Hello List
I have a RH 9 system (kernel 2.4.27 vanilla) running a Dell SCSI disk array
(JBOD) with a bunch of SW RAID5 devices... lately, I've been having a lot
of problems with disks dropping from the RAID devices. I've replaced these
disks (via the usual SCSI cat > /proc/scsi/scsi and a
raidhotremove/raidhotadd ) These devices get added OK and the RAID recovery
goes through, but the next morning the RAIDs have bad devices again... I've
done this a few times during the week and doubt that all of these disks are
bad...
Today, the system is complaining about sdq. The kernel log is full of
messages like:
Jun 14 09:02:50 hal kernel: md: updating md4 RAID superblock on device
Jun 14 09:02:50 hal kernel: md: sdq1 [events: 0000002f]<6>(write) sdq1's sb
offset: 430108096
Jun 14 09:02:50 hal kernel: I/O error: dev 41:01, sector 860216192
Jun 14 09:02:50 hal kernel: md: write_disk_sb failed for device sdq1
Jun 14 09:02:50 hal kernel: md: sdm1 [events: 0000002f]<6>(write) sdm1's sb
offset: 143371968
Jun 14 09:02:50 hal kernel: md: sdl1 [events: 0000002f]<6>(write) sdl1's sb
offset: 143371968
Jun 14 09:02:50 hal kernel: md: sdk1 [events: 0000002f]<6>(write) sdk1's sb
offset: 143371968
Jun 14 09:02:50 hal kernel: md: errors occurred during superblock update,
repeating
The system is cranky about sdq:
[root@hal dev]# mdadm --examine /dev/sdq1
mdadm: Cannot read superblock on /dev/sdq1
However, the RAID device containing sdq is still up and running (for now,
anyways):
md4 : active raid5 sdq1[0] sdm1[3] sdl1[2] sdk1[1]
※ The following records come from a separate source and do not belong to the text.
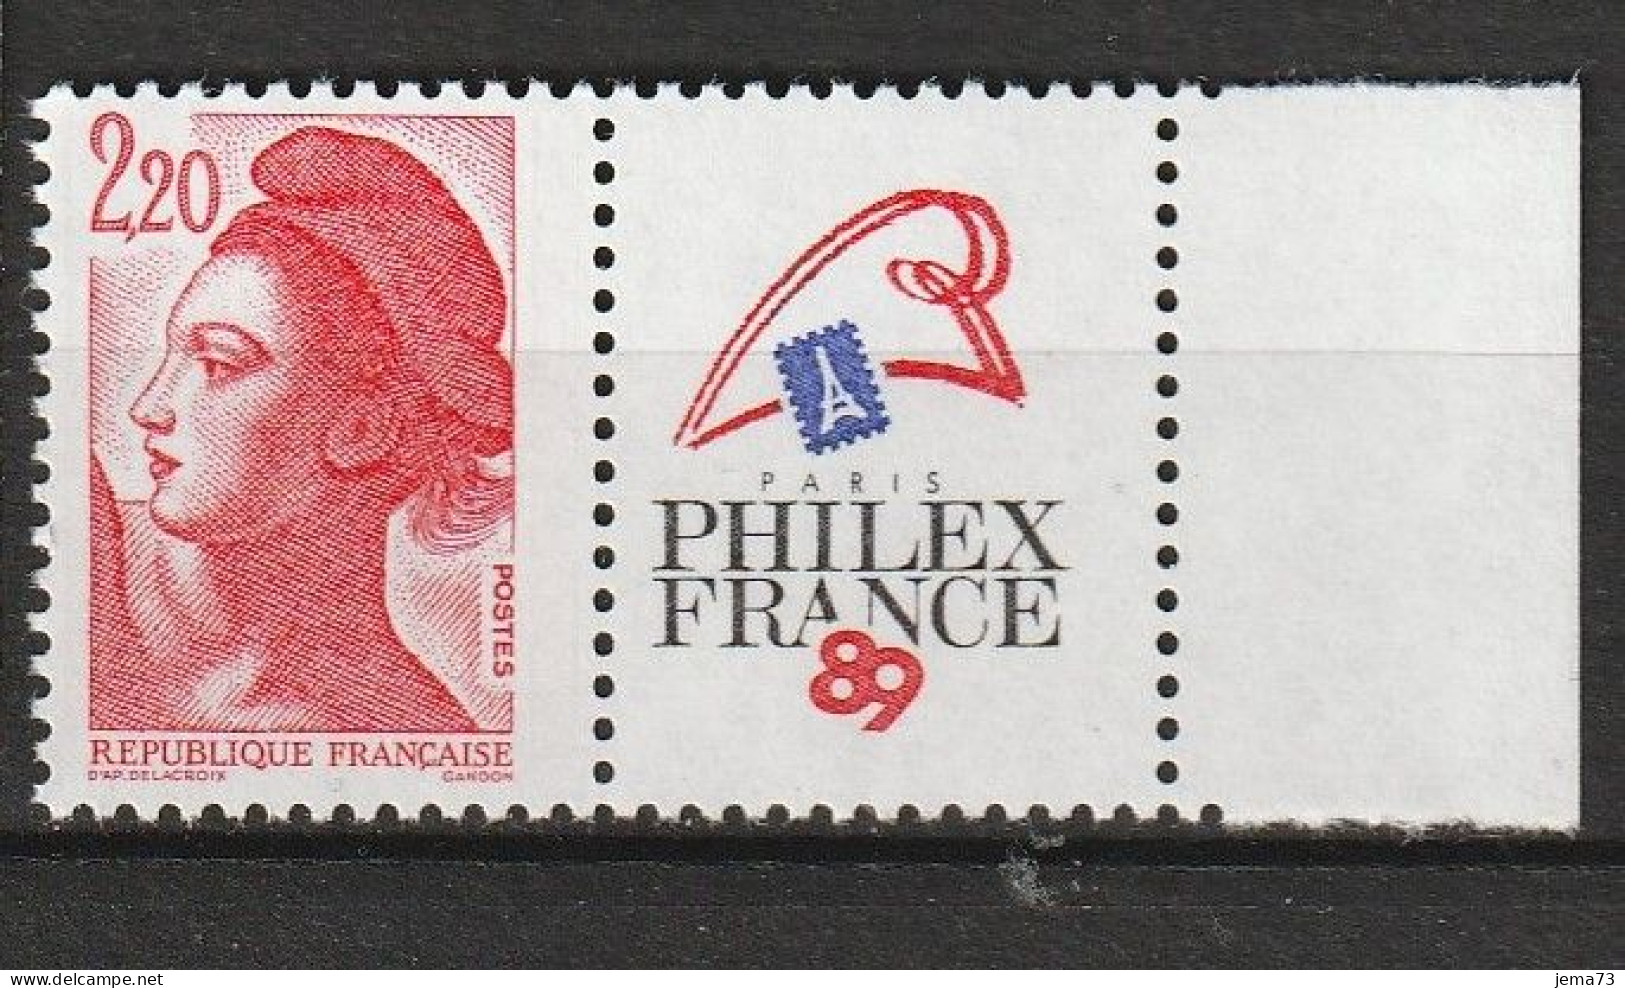 N° 2461 Philexfrance 89Exposition Philatélique Mondiale à Paris; Beau Timbre Neuf - Neufs
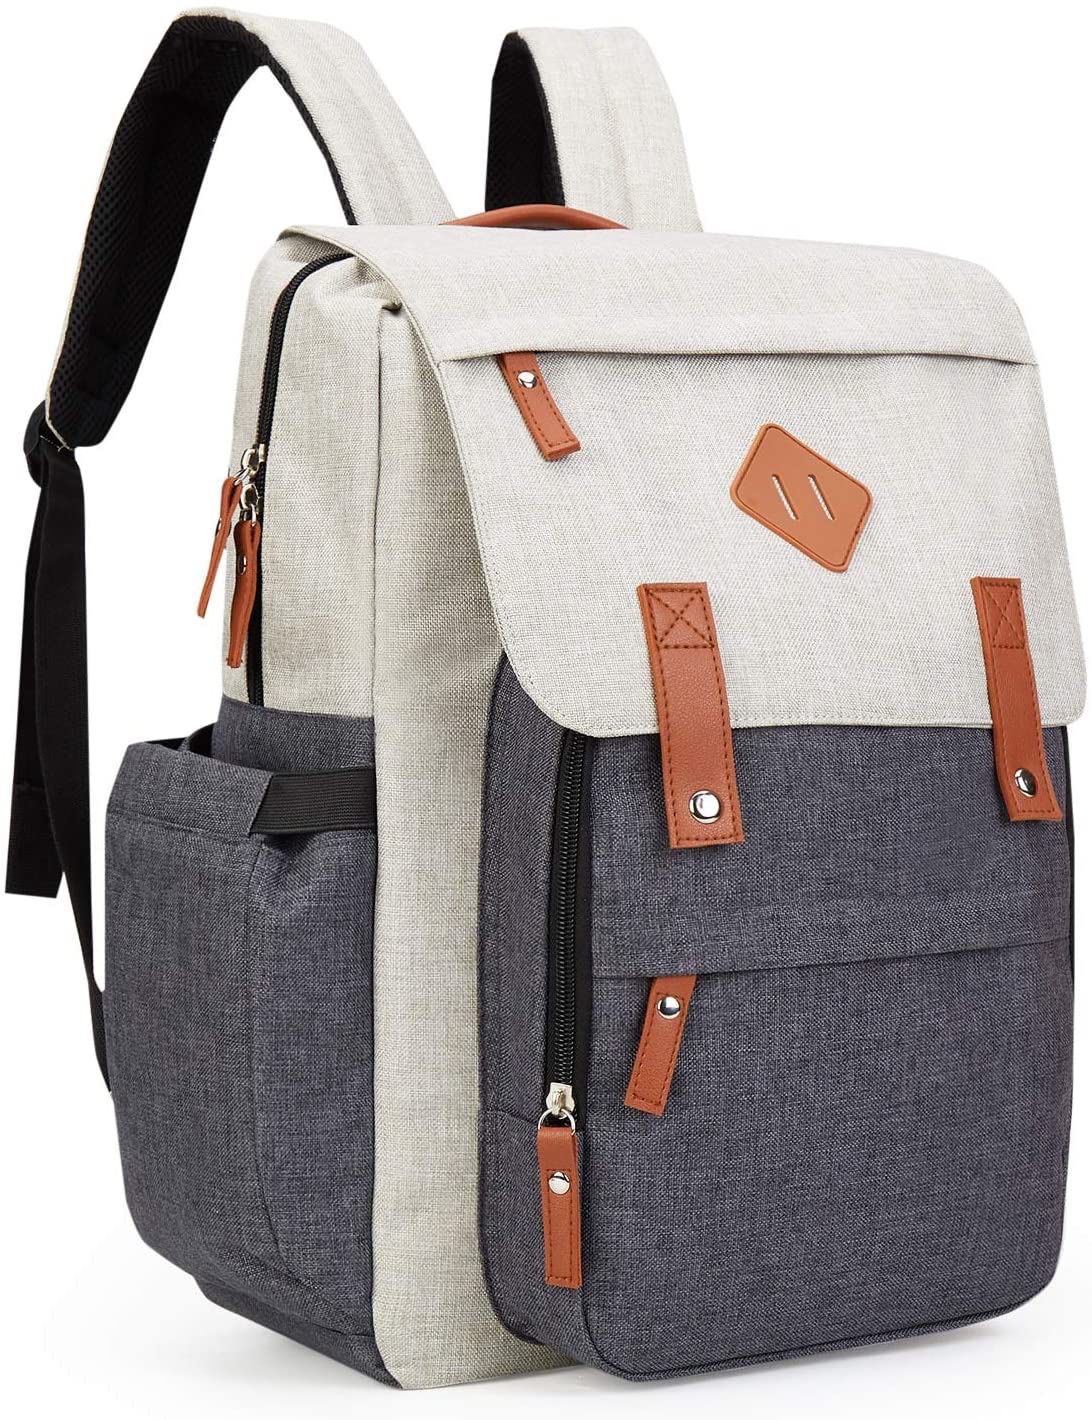 Brand new Diaper Backpack Waterproof
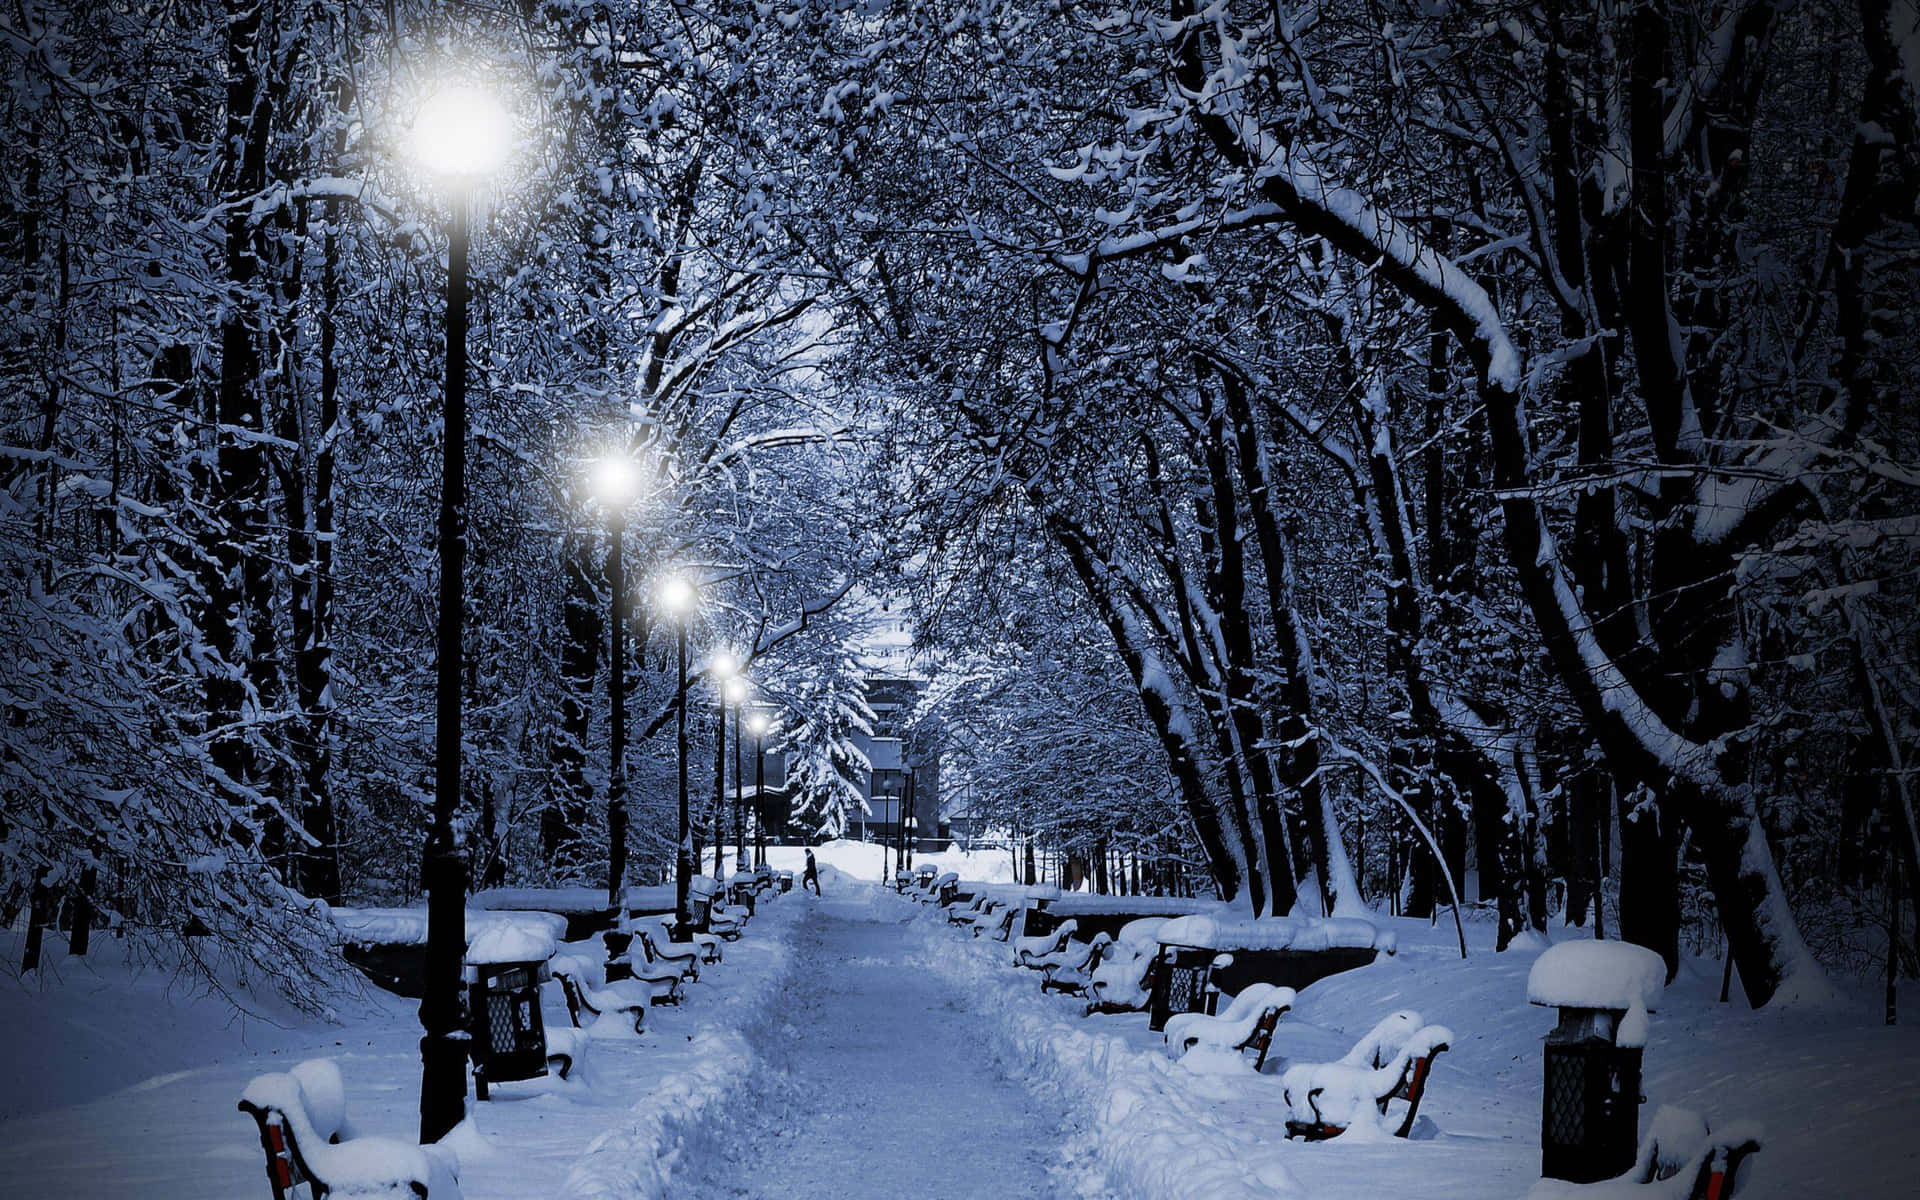 "Beauty of a Snowy Winter Wonderland"
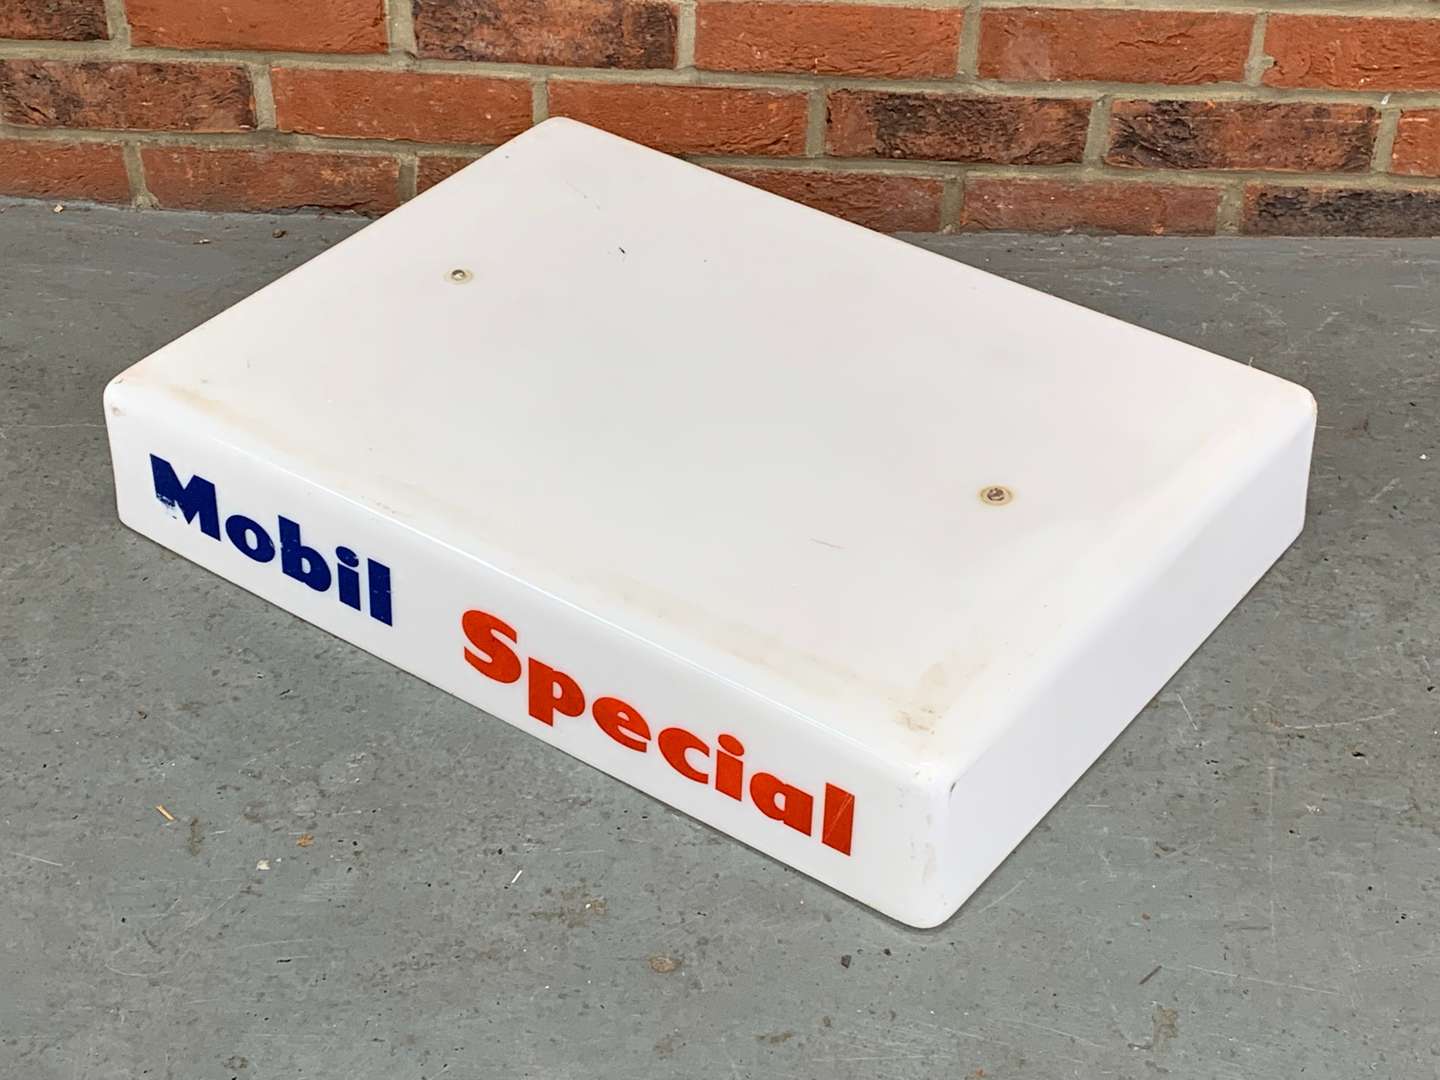 <p>Mobil Special Plastic Petrol Pump Top a/f</p>

430115904 blocks level 5, 64k chunk, algorithm 2 [4/4] [UUUU]
All signs would point to the fact that sdq is a dead drive, but this has
happened 2 or 3 times this week with a few fairly new drives, so I don't
think they're all bad. Can anyone shed any wisdom as to why this may be
happening? This system has been running for about 18 months and hasn't had
a lot of problems - maybe 2 or 3 drives have quit. The stupid Dell disk
array sometimes kicks out disks when they're not bad, so it may be at fault
in this case... Can anyone offer any ideas as to how to troubleshoot?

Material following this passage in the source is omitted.